== Segment start ==

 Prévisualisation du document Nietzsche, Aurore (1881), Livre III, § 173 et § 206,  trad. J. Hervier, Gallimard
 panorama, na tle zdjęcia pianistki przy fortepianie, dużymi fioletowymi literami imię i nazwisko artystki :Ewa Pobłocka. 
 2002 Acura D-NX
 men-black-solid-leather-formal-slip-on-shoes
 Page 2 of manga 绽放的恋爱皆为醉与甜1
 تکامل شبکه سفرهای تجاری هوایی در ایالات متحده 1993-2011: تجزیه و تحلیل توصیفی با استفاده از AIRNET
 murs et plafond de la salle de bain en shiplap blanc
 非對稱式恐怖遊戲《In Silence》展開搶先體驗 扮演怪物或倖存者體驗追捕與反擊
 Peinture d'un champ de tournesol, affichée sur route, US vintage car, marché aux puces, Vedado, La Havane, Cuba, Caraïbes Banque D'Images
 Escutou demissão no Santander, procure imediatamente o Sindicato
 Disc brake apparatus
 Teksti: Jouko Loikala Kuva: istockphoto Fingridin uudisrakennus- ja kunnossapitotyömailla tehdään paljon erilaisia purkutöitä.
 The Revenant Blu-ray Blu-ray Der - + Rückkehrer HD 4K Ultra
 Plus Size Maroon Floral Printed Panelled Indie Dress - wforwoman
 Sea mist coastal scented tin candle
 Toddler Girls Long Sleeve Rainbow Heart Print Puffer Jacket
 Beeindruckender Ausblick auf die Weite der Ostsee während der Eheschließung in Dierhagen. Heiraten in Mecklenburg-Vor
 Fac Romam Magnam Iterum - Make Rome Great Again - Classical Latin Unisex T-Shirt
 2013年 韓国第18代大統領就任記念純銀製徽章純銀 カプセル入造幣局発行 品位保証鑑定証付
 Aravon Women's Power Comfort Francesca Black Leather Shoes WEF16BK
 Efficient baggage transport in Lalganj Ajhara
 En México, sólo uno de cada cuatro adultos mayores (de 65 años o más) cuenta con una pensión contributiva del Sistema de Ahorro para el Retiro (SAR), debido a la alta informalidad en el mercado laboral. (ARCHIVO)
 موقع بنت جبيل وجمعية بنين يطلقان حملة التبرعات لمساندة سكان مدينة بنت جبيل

== Segment end ==

WHAT TO PRODUCE
What you output must match the lines from the beginning of the material through the line with "The Revenant Blu-ray" exactly, both ends included.

SOLUTION TO THIS PROBLEM
 Prévisualisation du document Nietzsche, Aurore (1881), Livre III, § 173 et § 206,  trad. J. Hervier, Gallimard
 panorama, na tle zdjęcia pianistki przy fortepianie, dużymi fioletowymi literami imię i nazwisko artystki :Ewa Pobłocka. 
 2002 Acura D-NX
 men-black-solid-leather-formal-slip-on-shoes
 Page 2 of manga 绽放的恋爱皆为醉与甜1
 تکامل شبکه سفرهای تجاری هوایی در ایالات متحده 1993-2011: تجزیه و تحلیل توصیفی با استفاده از AIRNET
 murs et plafond de la salle de bain en shiplap blanc
 非對稱式恐怖遊戲《In Silence》展開搶先體驗 扮演怪物或倖存者體驗追捕與反擊
 Peinture d'un champ de tournesol, affichée sur route, US vintage car, marché aux puces, Vedado, La Havane, Cuba, Caraïbes Banque D'Images
 Escutou demissão no Santander, procure imediatamente o Sindicato
 Disc brake apparatus
 Teksti: Jouko Loikala Kuva: istockphoto Fingridin uudisrakennus- ja kunnossapitotyömailla tehdään paljon erilaisia purkutöitä.
 The Revenant Blu-ray Blu-ray Der - + Rückkehrer HD 4K Ultra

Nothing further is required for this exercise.